In the table above, we show the variance of each principal component and the proportion of the input (standardized) data set’s total variance variable that it accounts for. Examining the table closer, the 1st two components capture 99.8% of the data set variation.
In the loadings table, we outline the weights of the principal component in each input variable:
Examining the input variables (i.e. region price) loadings for the first component shows a uniform loading for all variables. This can be interpreted as the level-factor (a price that is locale-neutral).
For the second factor, the picture is a bit different:
- For all PADD regions in the east, the loading is negative.
- For PADD regions in the west, the loading is positive.
- Gulf coast’s loading is slightly negative.
- Midwest loading is slightly positive.
This factor’s loading can be viewed as proximity to (or availability of) refinery capacity or import ports (example: New York harbor). The second factor reflects the cost of transportation and tax of the fuel.
Note: The loadings of the input variables for the 1st component are very comparable, so, in effect, the second component (factor) is what drives the price differential between the different PADD regions.
3. Principal Components Values
Let’s examine the values of the first two principal components.
The two-time series exhibit some seasonality, although it is more apparent in the second factor.

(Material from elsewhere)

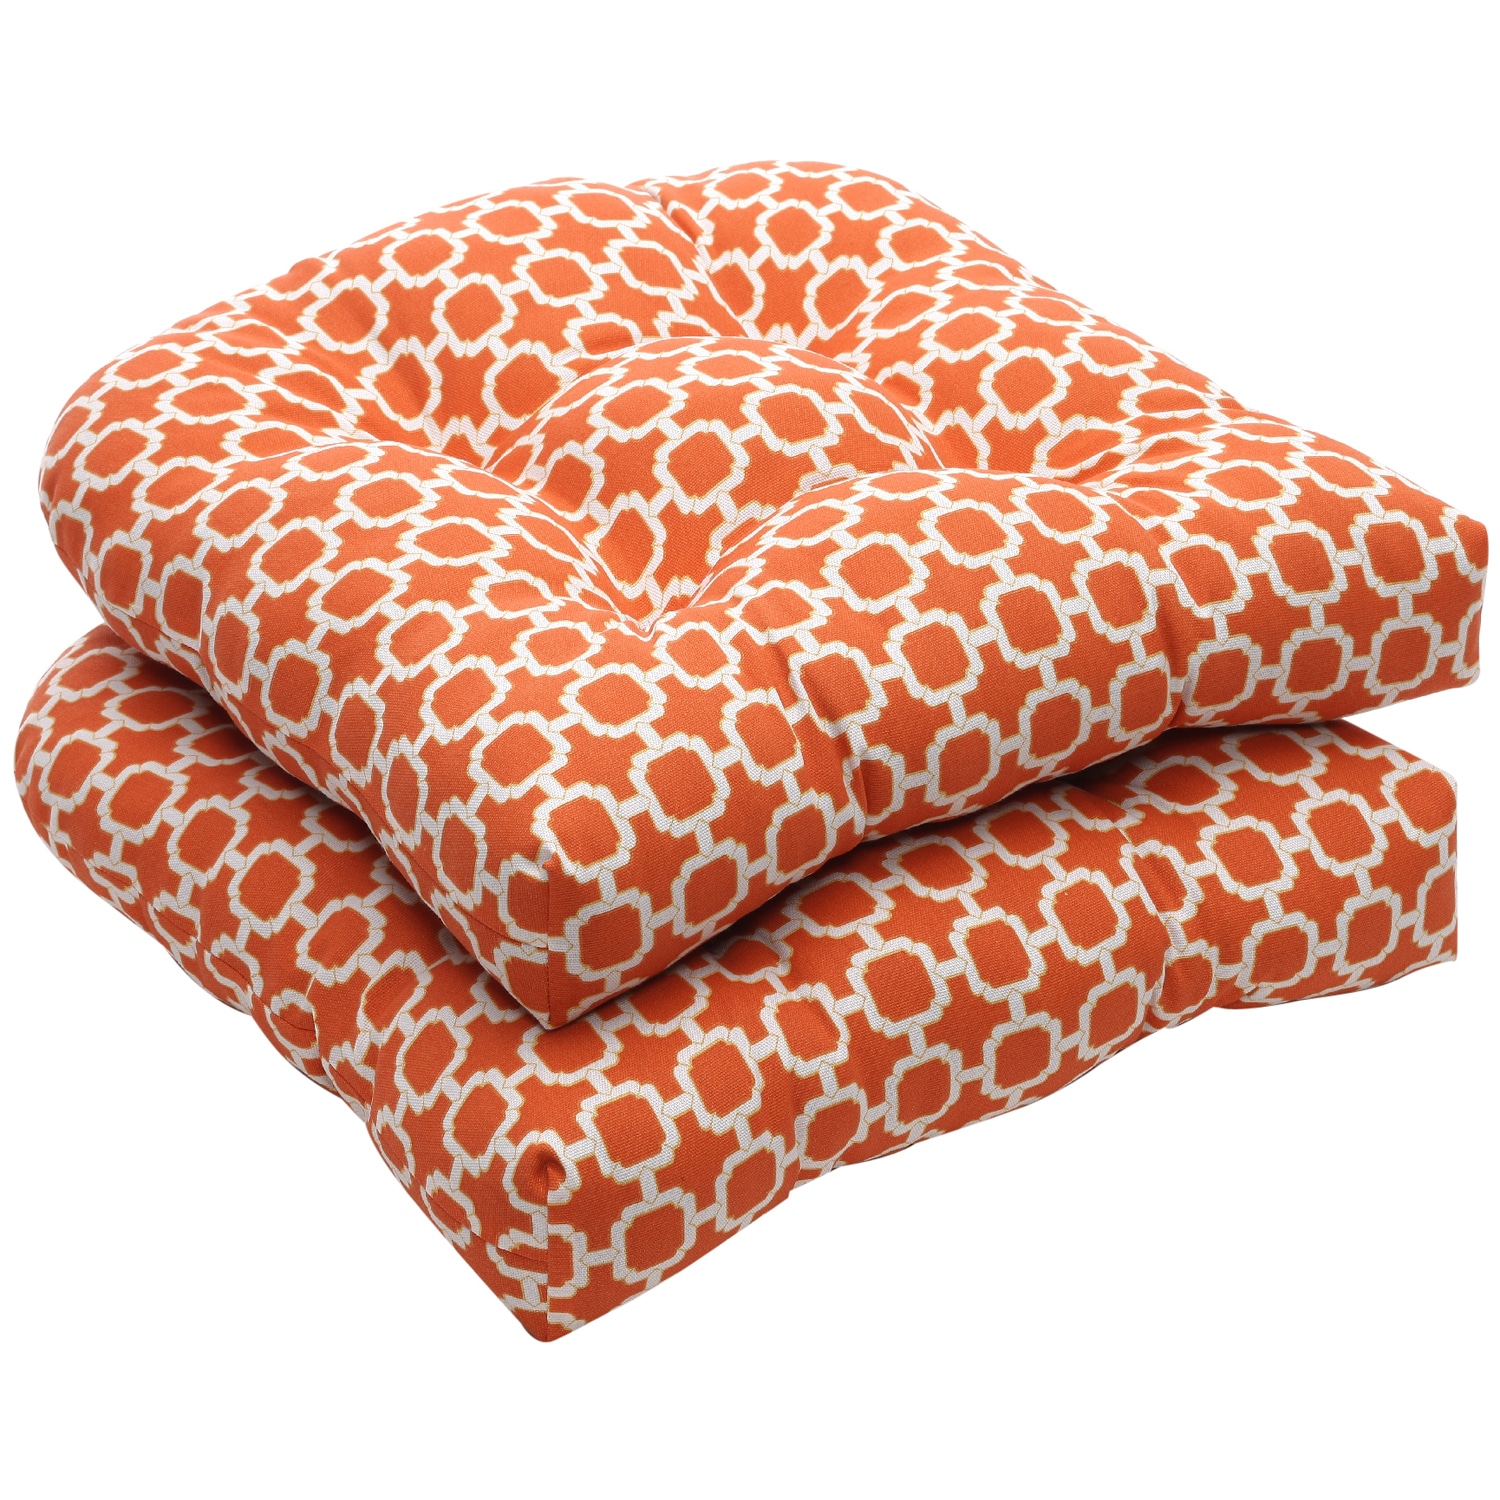 Pillow Perfect Outdoor Geometric Orange/ White Wicker Seat Cushions
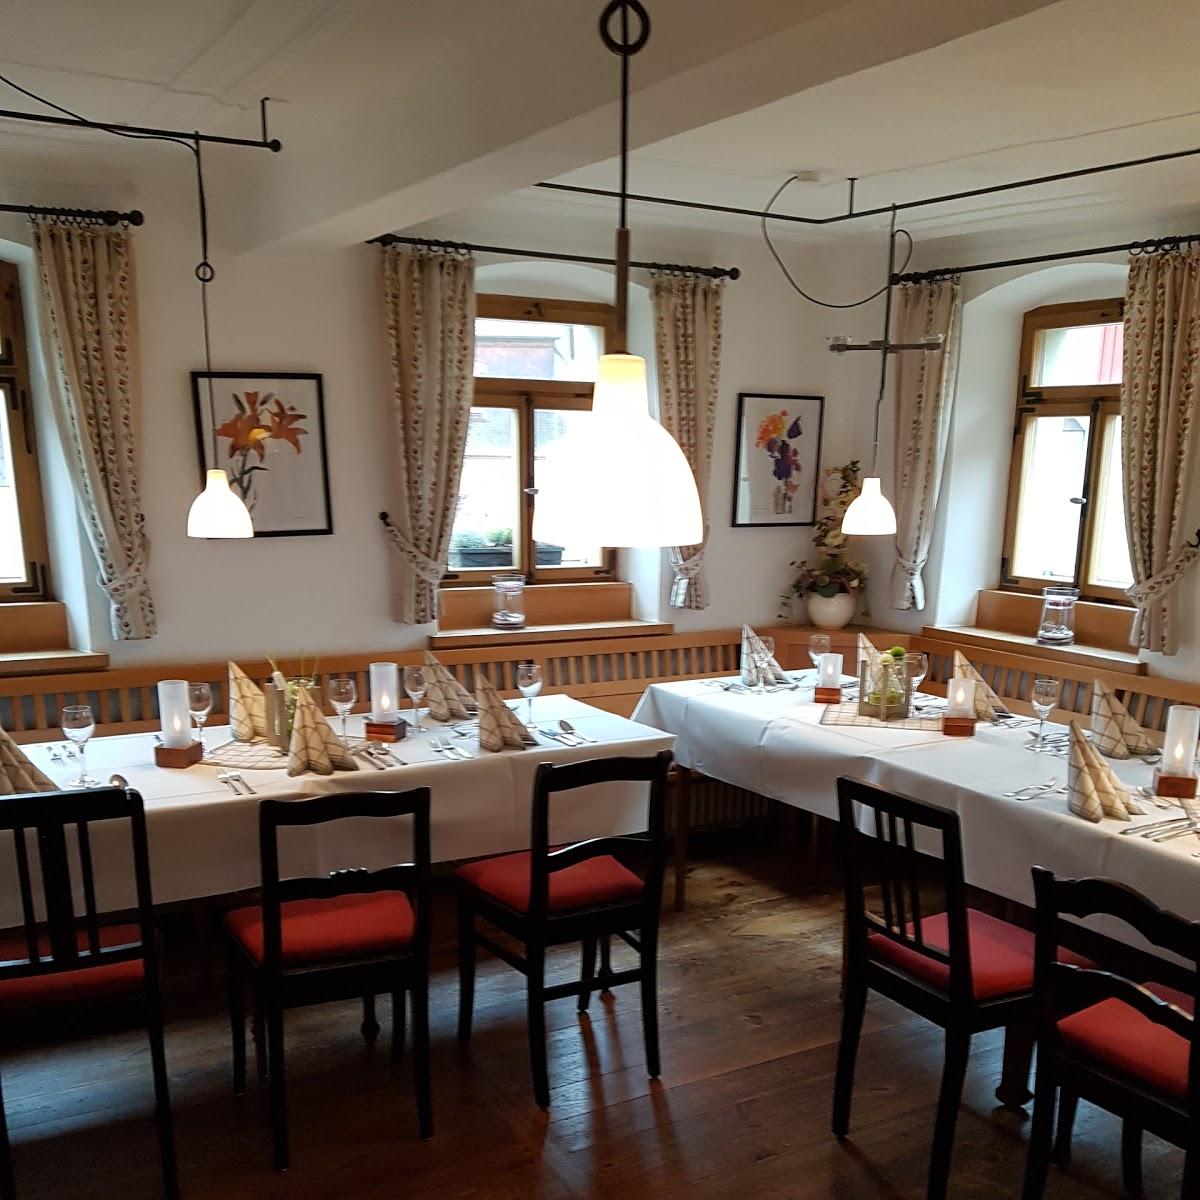 Restaurant "Hotel - Gasthof zur Sonne" in Hohenroth

Furthermore, the first principal component exhibits a pattern close to crude oil prices.
NOTE: The lack of an exact match may be attributed to other costs incurred in the making of No. 2 Ultra Low Sulfur Diesel: labor, energy prices, raw material, etc. Furthermore, refineries build up an inventory of products (e.g. diesel) in anticipation of the seasonal demand peaks, so there may be a lag.
4. Adding WTI spot prices
As a last thought on the WTI spot price, we will include the WTI spot price in our input data set and re-examine the input loadings. Intuitively, adding an input variable for the raw material price (i.e. crude oil) with the finished product prices in the same data set will likely reveal another driver: cost of production.
Now, we’d need three drivers to account for 99.8% of the price variation.
IMPORTANT: The principal components of the new data set are not necessarily the same as the ones we computed earlier with only the diesel prices.
Let’s look at the input variable’s loadings in each principal component (i.e. driver):
- The loadings for the first component are similar to ones we calculated earlier with only the diesel prices. Note that the WTI loadings are slightly lower than their diesel counterparts. Again, we’ll designate this factor as the general price level (region neutral).
- The loadings for the second factor are very different now, and the loading for WTI is negative (-%94.5) while all the rest are positive. We can designate this factor as the cost of cracking diesel of crude.
- The loading for the 3rd factor is very similar to the loading of the second component in the earlier data sets. Again, the loading varies based on the location (east vs. west). The WTI, Gulf Coast, and Midwest are almost neutral.
Let’s now plot the factor’s time series.
In general terms, the first and the third component are very similar to the first two components we calculated earlier (w/o WTI in the data set).
For the second component, we hypothesize this one as the proxy of the diesel cracking cost.
In this study, we examined a non-trivial application for PCA. We attempted to explain the price variation among different PADD regions by uncovering the driving forces behind the prices.
We mentioned earlier that refineries build up an inventory of products (e.g. diesel) in anticipation of the seasonal demand peaks, so there may be a lag. How do we capture this variable? Futures: we can include the future prices of diesel and crude oil.
Intuitively, futures prices reflect market anticipation of (1) future demand (2) future storage cost, and possibly a premium for supply scarcity. This application is intended to give you a sample of how to apply PCA and time series, as well as how to use or interpret the variables’ loadings in deriving a practical proxy for them.
In sum, PCA is a mathematical procedure that NumXL can help you execute. Making sense of and interpreting the results is where your expertise and intuition are indispensable.